この季節に生まれたからかもしれないが、寒い朝、一歩外へ出たときの
シャキーンとしたあの緊張感がたまらない。
白い息を吐きながら、寒さに慣れていく感覚も良い。
今、ふとフランスで活躍したサン・サーンスの曲(チェロの音色)を耳に、
20代から40代にかけ、冬のパリに旅したときの冬の朝を思い出す。
朝7時になっても、まだあたりは暗かった。
それでも、人々は動き始めている。暗い朝に慣れているのだ。
コート、マフラー、帽子を纏い、身を縮めながら、
地下鉄の乗り場に降りていく人・・。
一歩、外に出るだけで、身も心も覚醒した。
暗い朝。
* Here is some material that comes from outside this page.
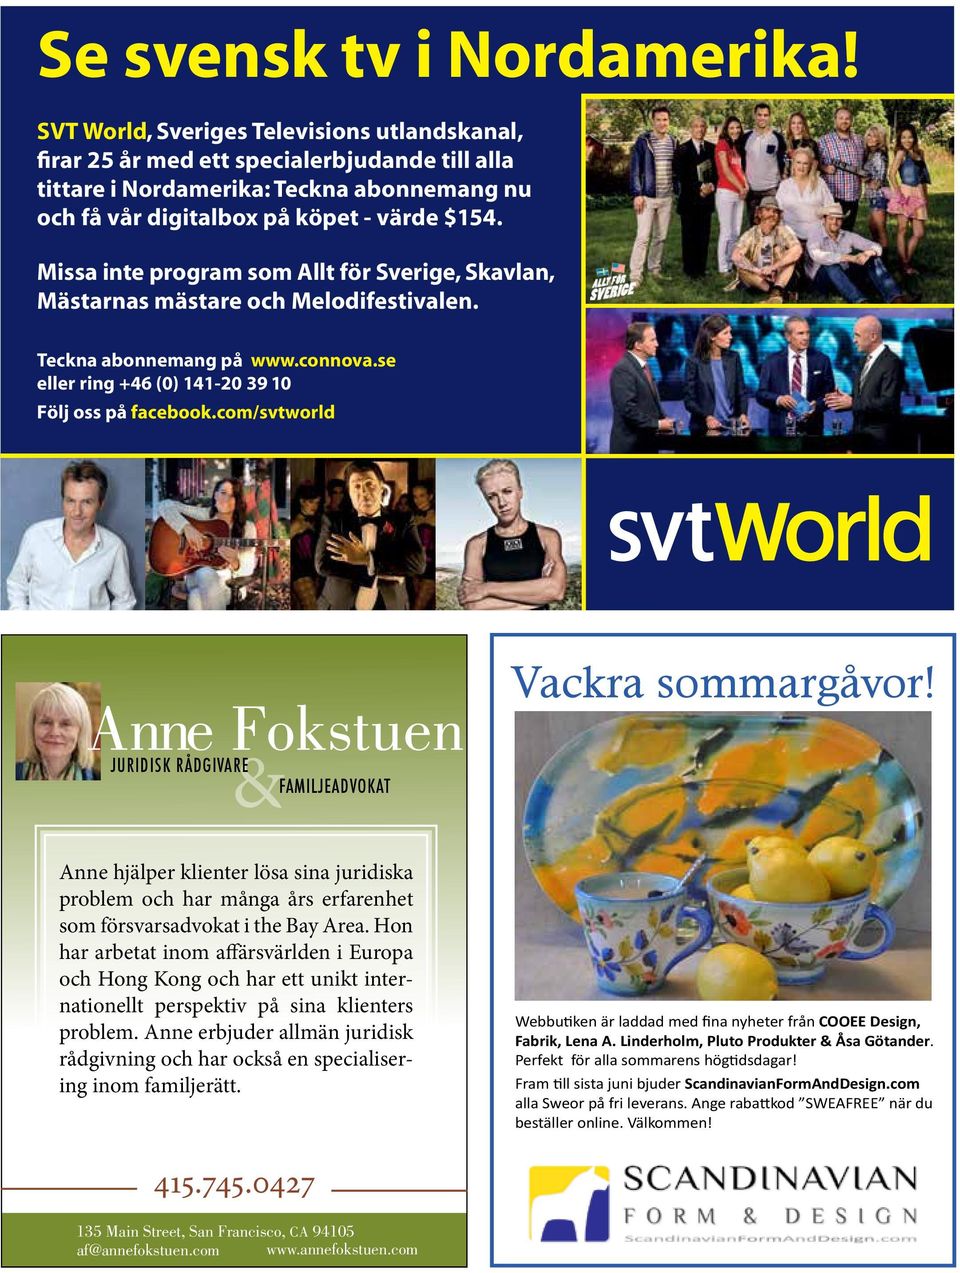 Missa inte program som Allt för Sverige, Skavlan, Mästarnas mästare och Melodifestivalen. Teckna abonnemang på www.connova.se eller ring +46 (0) 141-20 39 10 Följ oss på facebook.

寒い朝。
私自身も、町ゆく人々と同じように、その寒いなか
通りを歩きながらカフェを探し、いい感じの店を探し、
そこであたたかいカフェオーレをいただく。
寒い朝の一杯は格別だ。
そんなひとときを思い出し、心が豊かになる。
何十年前のことでも、昨日のことのように思い出す。
改めて、この寒い朝がとても好きだ。
だんだん、春の訪れとともに、朝の様相も変わってくるだろう。
新しい季節がうれしくもあるが、今しばらく、このままでいてほしいような・・・。
まもなく、別れることになるこの瞬間を大切にしながら、
想像をめぐらし、心豊かに春を迎えたい。
シャキーン。さあ、やるぞ!
の1日がはじまる。
毎日の時を重ねて、季節を巡り・・・。
次の冬が来たときの自分はどうなっているだろう?
早くもそんな想像を働かせている。